Tools developers use to connect artificial intelligence tools with external applications and data sources typically are secured by static credentials such as API keys and personal access tokens, exposing AI agent systems to theft or misuse, research shows.
See Also: AI Agents Demand Scalable Identity Security Frameworks
Astrix Research examined more than 5,200 open-source model context protocol server implementations to understand how their developers manage authentication. It found that 88% of servers require credentials, but more than half depend on long-lived, static secrets instead of short-lived or delegated access tokens. Only a fraction use OAuth, the standard protocol for secure authorization.
MCP servers act as intermediaries between AI models and external systems, allowing them to retrieve information and perform actions.

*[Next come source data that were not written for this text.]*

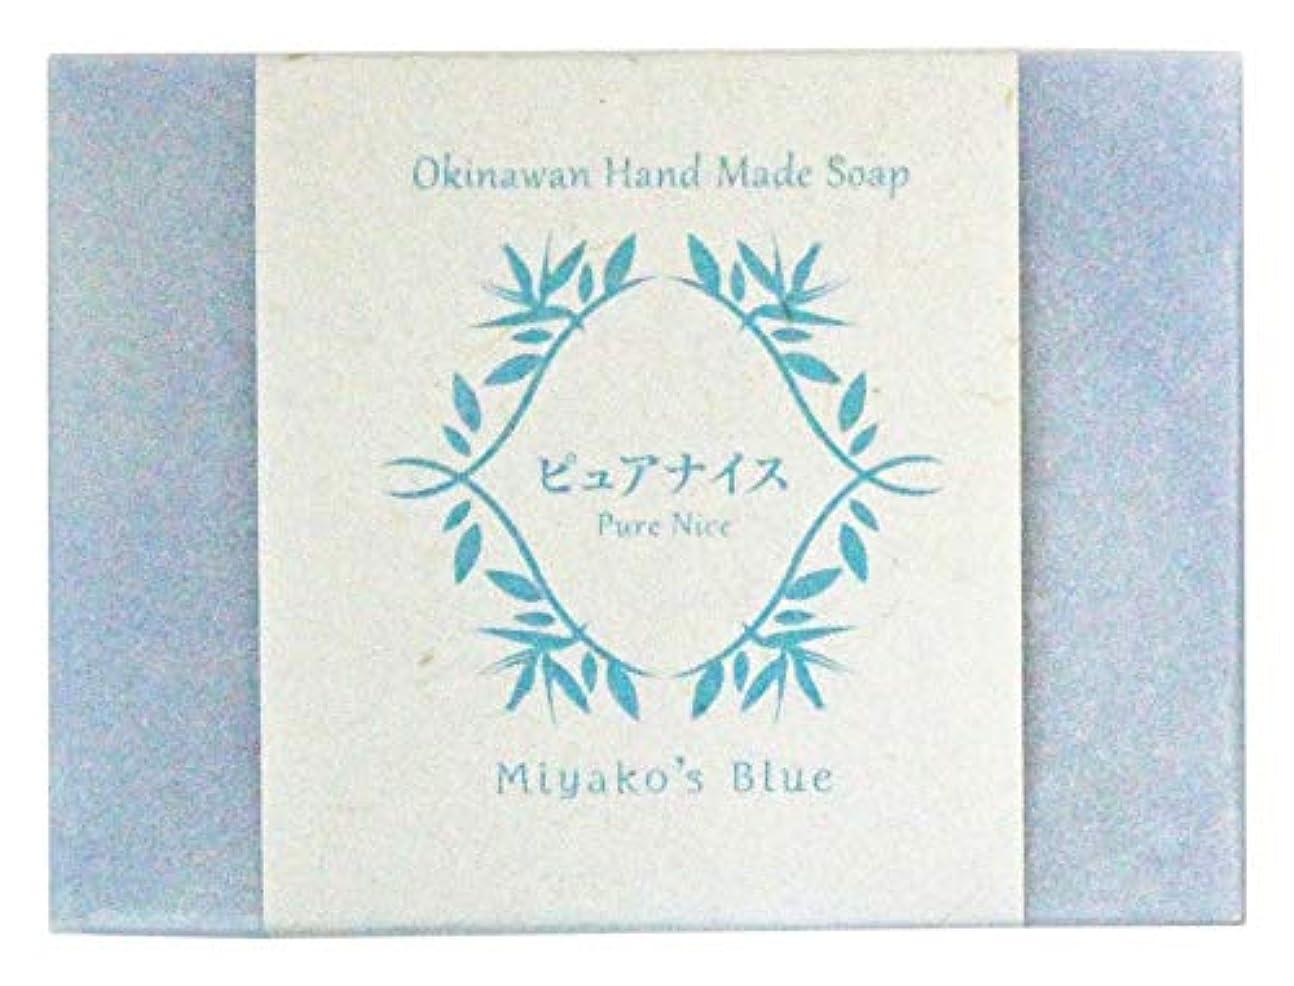 外出今日コードピュアナイス おきなわ素材石けん Mikako's Blue 100g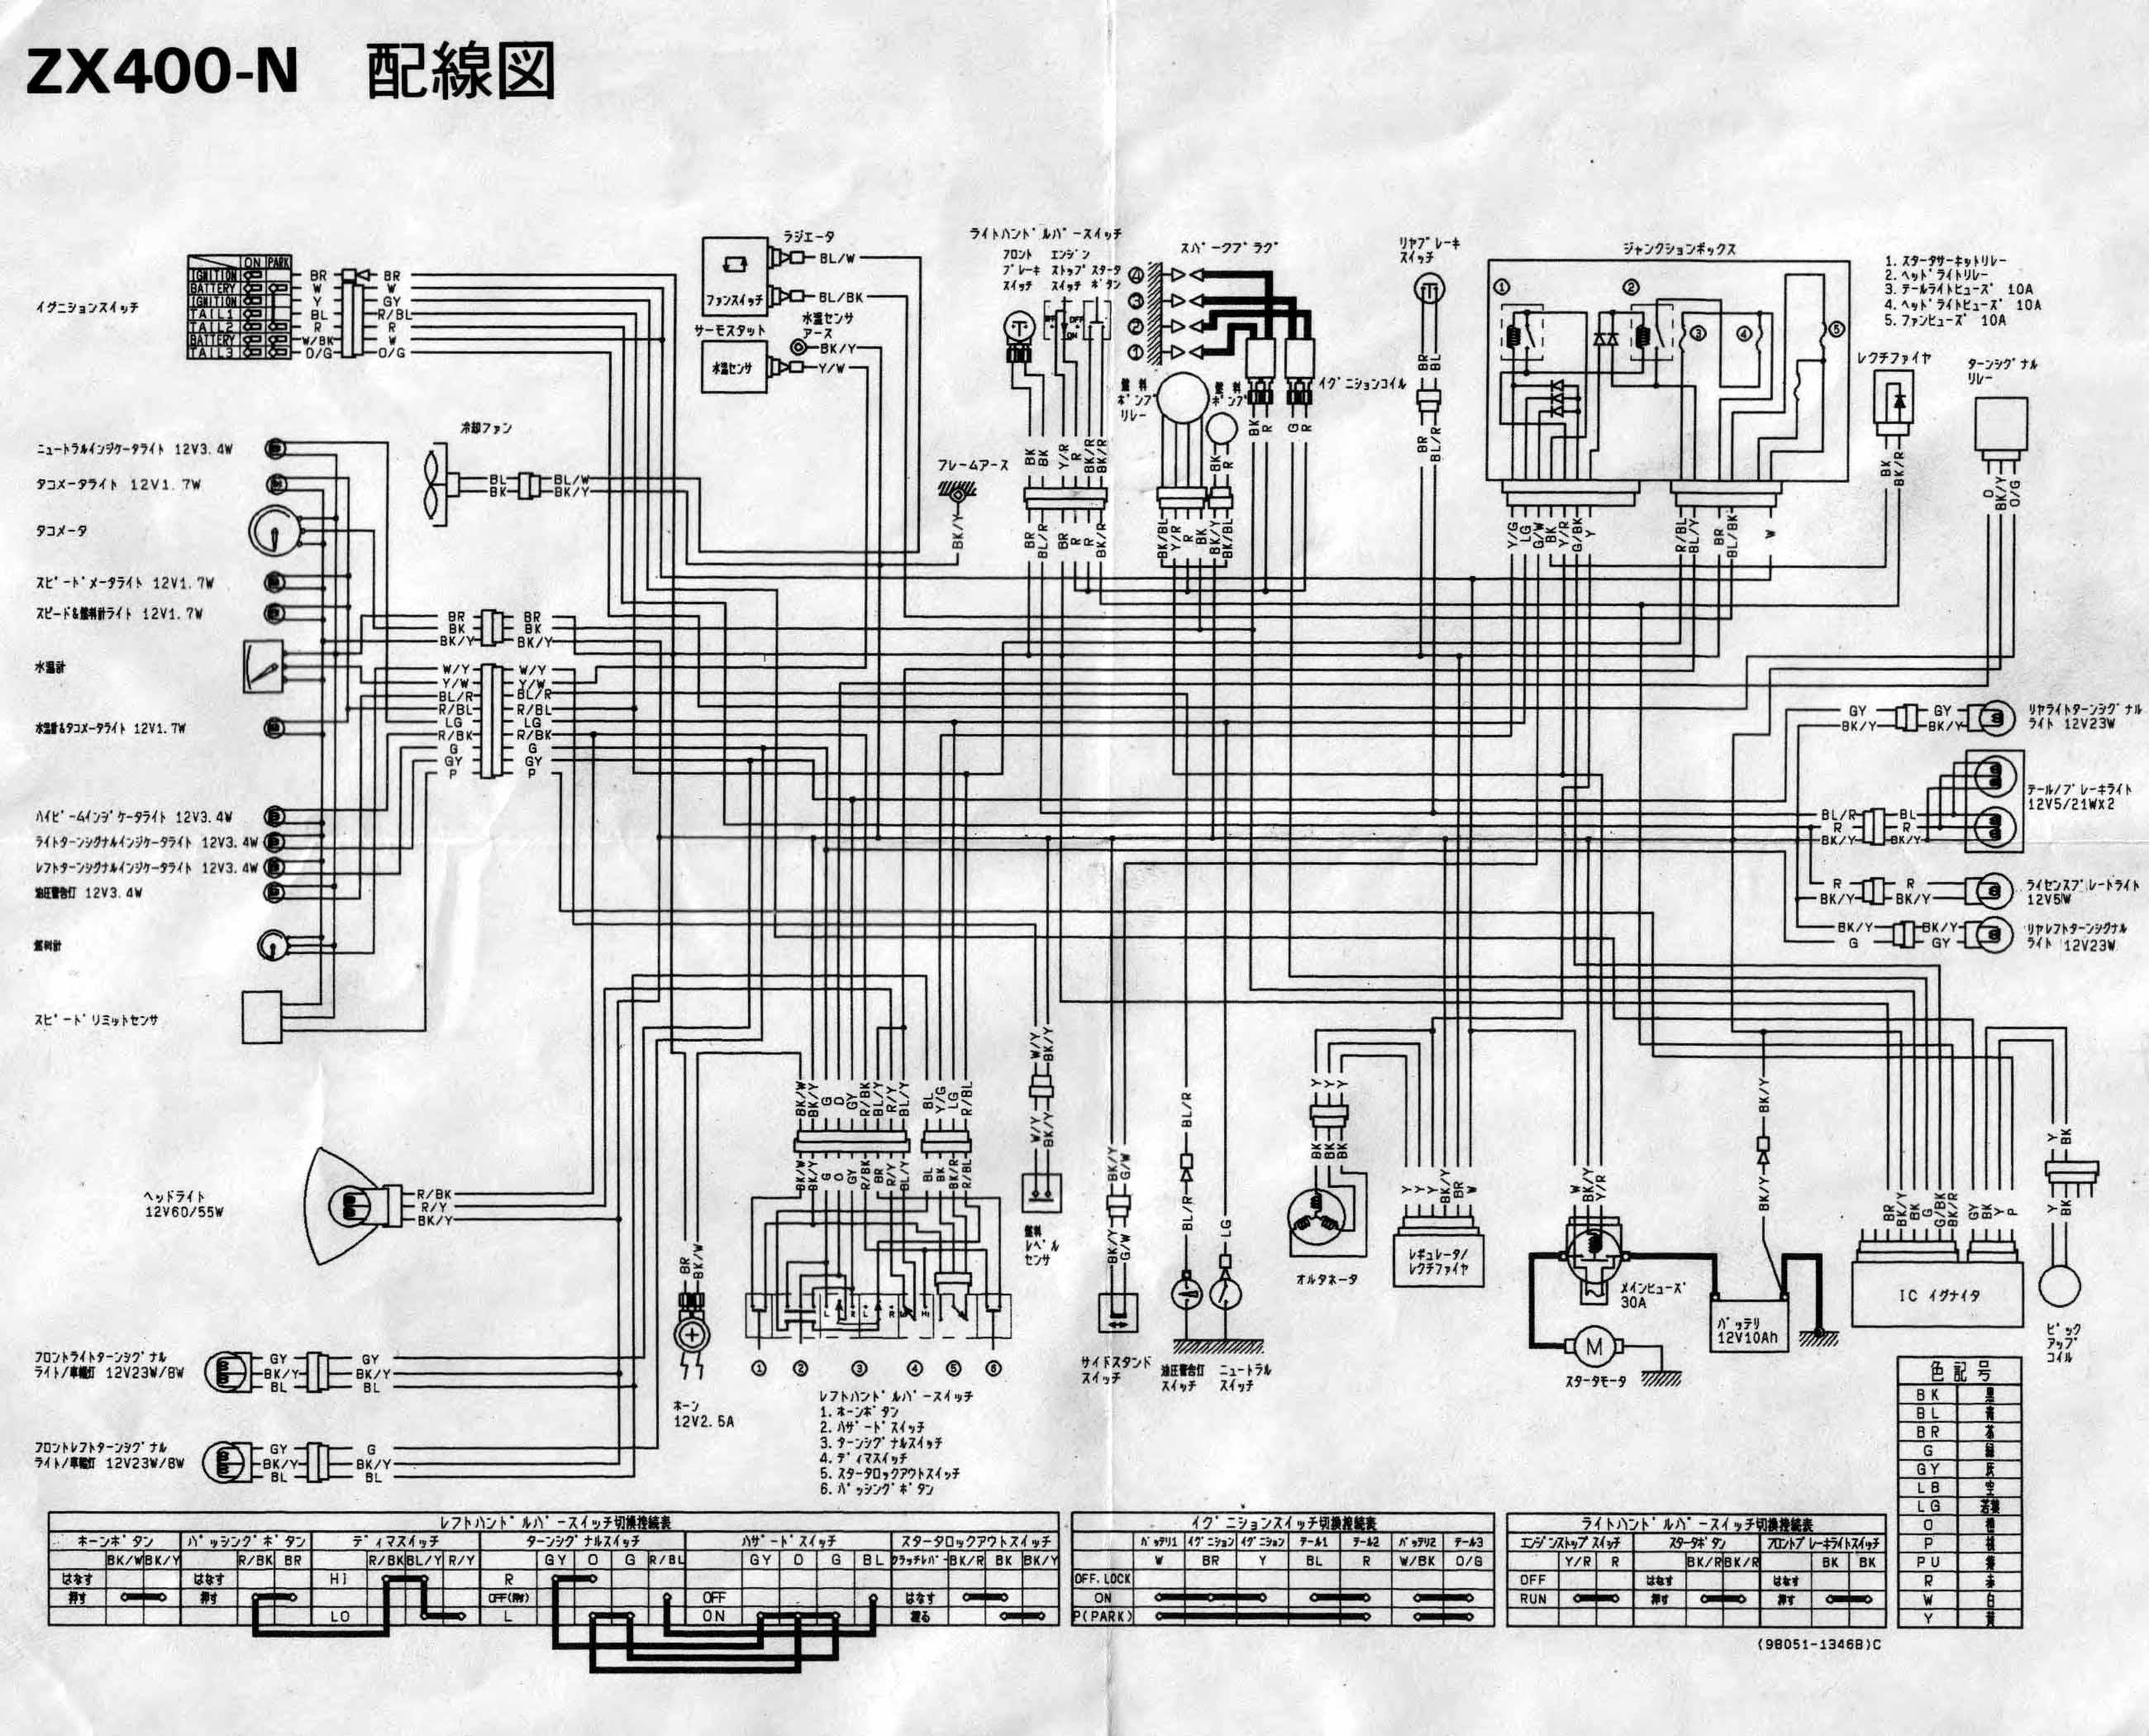 KAWASAKI - Motorcycles Manual PDF, Wiring Diagram & Fault Codes   Speedo Wiring Diagram 2006 Zzr600      MOTORCYCLE Manuals PDF & Wiring Diagrams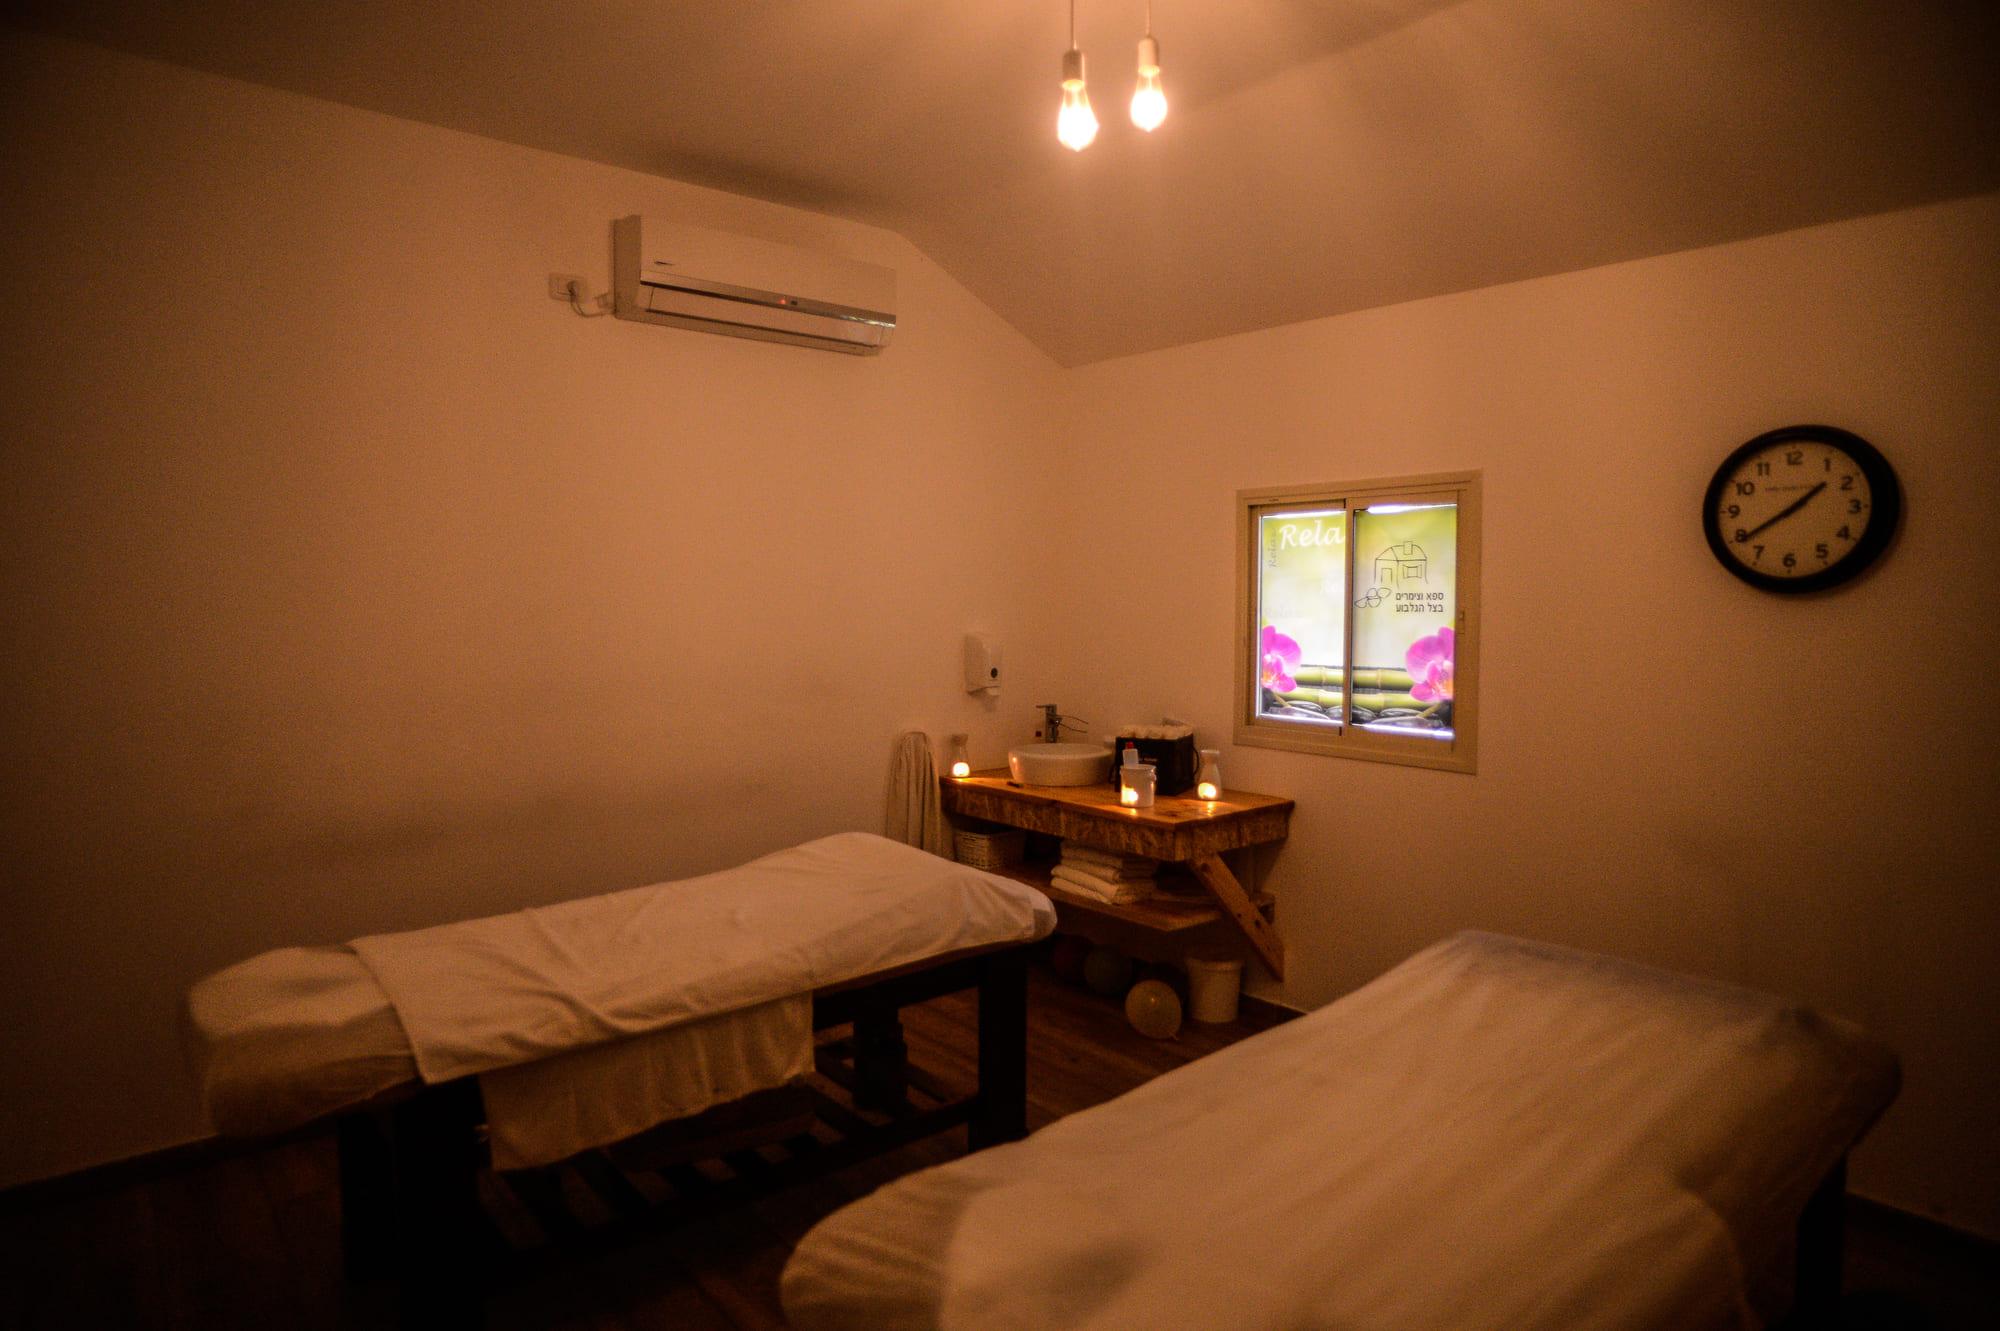 חדר הטיפולים בספא בצל הגלבוע מכיל: 2 מיטות, נרות דולקים, כיור לשטיפת ידיים, מגבות.

But the way credentials are handled – often stored directly in configuration files or passed as environment variables – creates opportunities for unauthorized access if those machines are compromised.
Researchers traced the issue back to the protocol’s early days. When Anthropic introduced MCP in 2023, sample servers used to demonstrate its capabilities relied on personal access tokens and basic passwords. Although later examples corrected these defaults, the original patterns persisted across community-built projects.
MCP has expanded into thousands of open-source implementations. Astrix estimated around 20,000 repositories on GitHub contain some form of MCP server code.
Static credentials are risky because they rarely expire or rotate and are often shared between services. Once exposed, they can grant prolonged, unrestricted access to connected systems. The report said that nearly 80% of servers that used API keys obtained them through environment variables, which is a common practice that offers convenience but little isolation.
Other security researchers have raised similar warnings. Backslash Research previously found that several publicly listed MCP servers were configured to accept commands from any network interface, enabling attackers to execute code remotely. Separate academic work has shown how weak access controls in MCP can be exploited to move laterally across systems or extract data without direct user interaction.